Generate certificates with mkcert:

# Install mkcert (macOS example)
brew install mkcert
mkcert -install

# Generate certificate for your domains
mkcert sandcastle.internal sc.local

Configure Sandcastle:

Add these variables to your sandcastle.env before installation:

SANDCASTLE_ALT_HOSTNAMES=sandcastle.internal,sc.local
SANDCASTLE_CUSTOM_CERT_PATH=/path/to/sandcastle.internal+1.pem
SANDCASTLE_CUSTOM_KEY_PATH=/path/to/sandcastle.internal+1-key.pem
SANDCASTLE_TLS_MODE=selfsigned

The installer will copy the certificates to $SANDCASTLE_HOME/data/traefik/certs/ and configure Traefik to serve them for the specified hostnames.

Note: You'll need to add DNS entries (or edit /etc/hosts) to point your alternative hostnames to the Sandcastle server IP.

15. CLI preferences

Persist connection preferences in ~/.sandcastle/config.yaml.
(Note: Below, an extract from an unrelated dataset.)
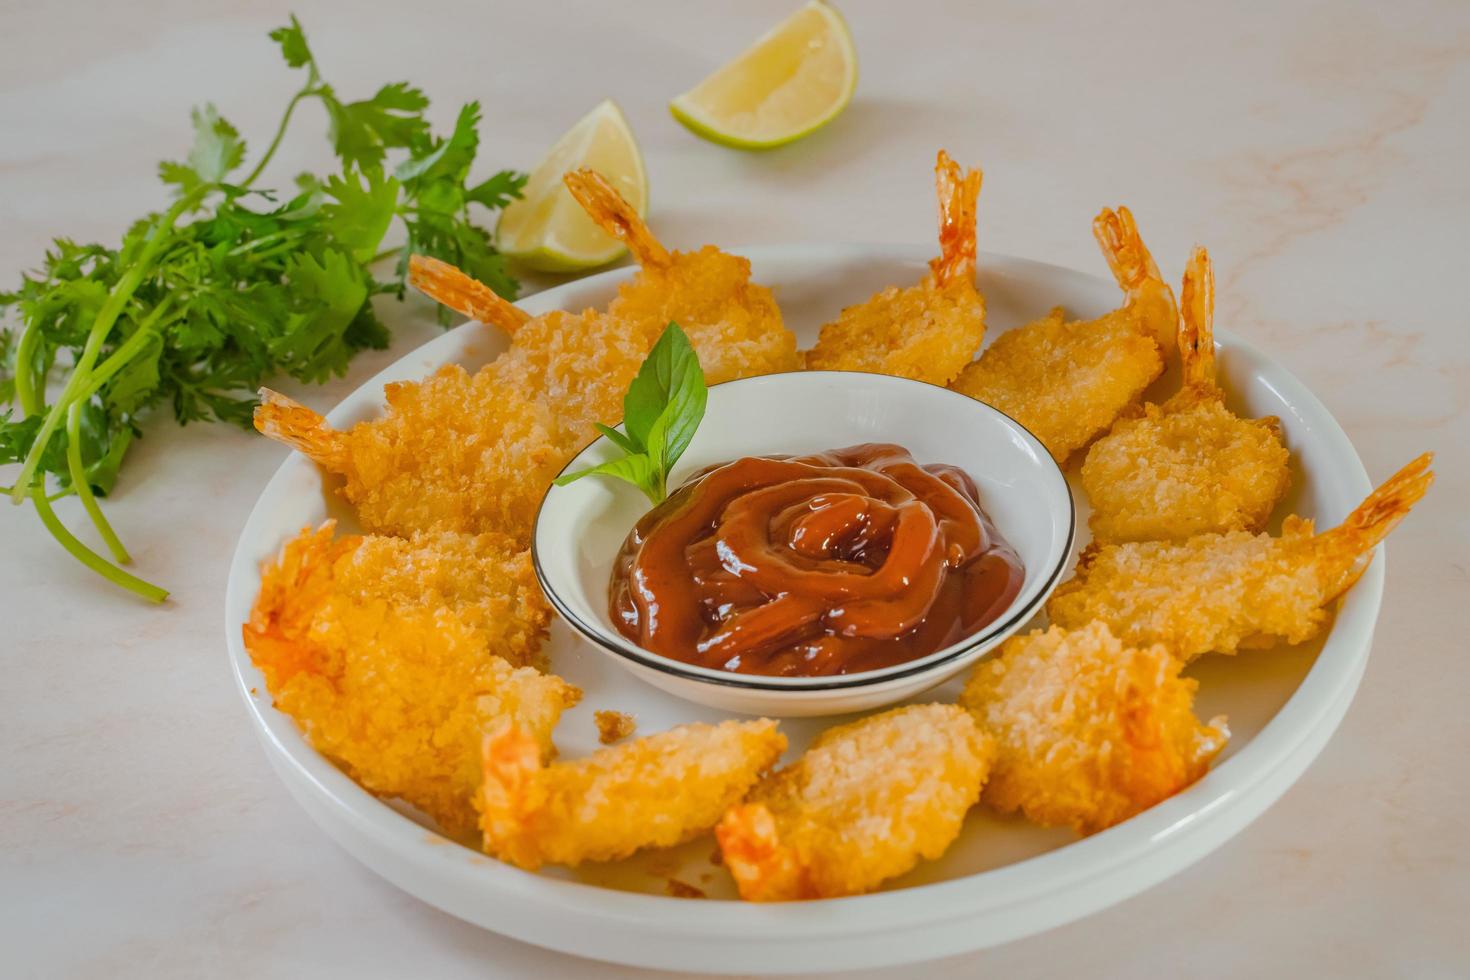 Lightly breaded then fried this Classic Fried Shrimp recipe is ...

Environment variables override the file (useful with mise or direnv).

# Use mosh instead of SSH by default
sandcastle config set connect_protocol mosh

# Disable automatic tmux session attachment
sandcastle config set use_tmux false

# Always mount persistent home directory on create
sandcastle config set mount_home true

# Always mount user data directory on create
sandcastle config set data_path .

# Disable VNC by default
sandcastle config set vnc false

# Disable Docker (DinD) by default
sandcastle config set docker false

# Show effective settings (merged from config file + env vars)
sandcastle config show

Environment variable overrides (highest priority):

SANDCASTLE_CONNECT_PROTOCOL=mosh  # "ssh" (default) | "mosh"
SANDCASTLE_USE_TMUX=false         # "true" (default) | "false"
SANDCASTLE_SSH_EXTRA_ARGS="-v"    # extra flags appended to ssh/mosh
SANDCASTLE_HOME=1                 # mount persistent home on create
SANDCASTLE_DATA=.                 # mount user data dir on create
SANDCASTLE_VNC=false              # disable VNC on create
SANDCASTLE_DOCKER=false           # disable Docker (DinD) on create

Example: per-project override with mise:

# .mise.toml
[env]
SANDCASTLE_CONNECT_PROTOCOL = "mosh"
SANDCASTLE_USE_TMUX = "false"

16. Short aliases

Common commands have 1-2 letter shortcuts:

sandcastle cr        # create (temp sandbox)
sandcastle cr dev    # create dev
sandcastle c dev     # connect dev
sandcastle s dev     # ssh dev
sandcastle x dev -- cmd  # exec
sandcastle ls        # list
sandcastle rm dev    # delete dev
sandcastle mv dev new  # rename dev → new
sandcastle up dev    # start dev
sandcastle dn dev    # stop dev
sandcastle cp f dev:~/ # scp file to sandbox
sandcastle i         # info
sandcastle st        # status
sandcastle snap      # snapshot
sandcastle ts        # tailscale

Run sandcastle --help for the full command reference.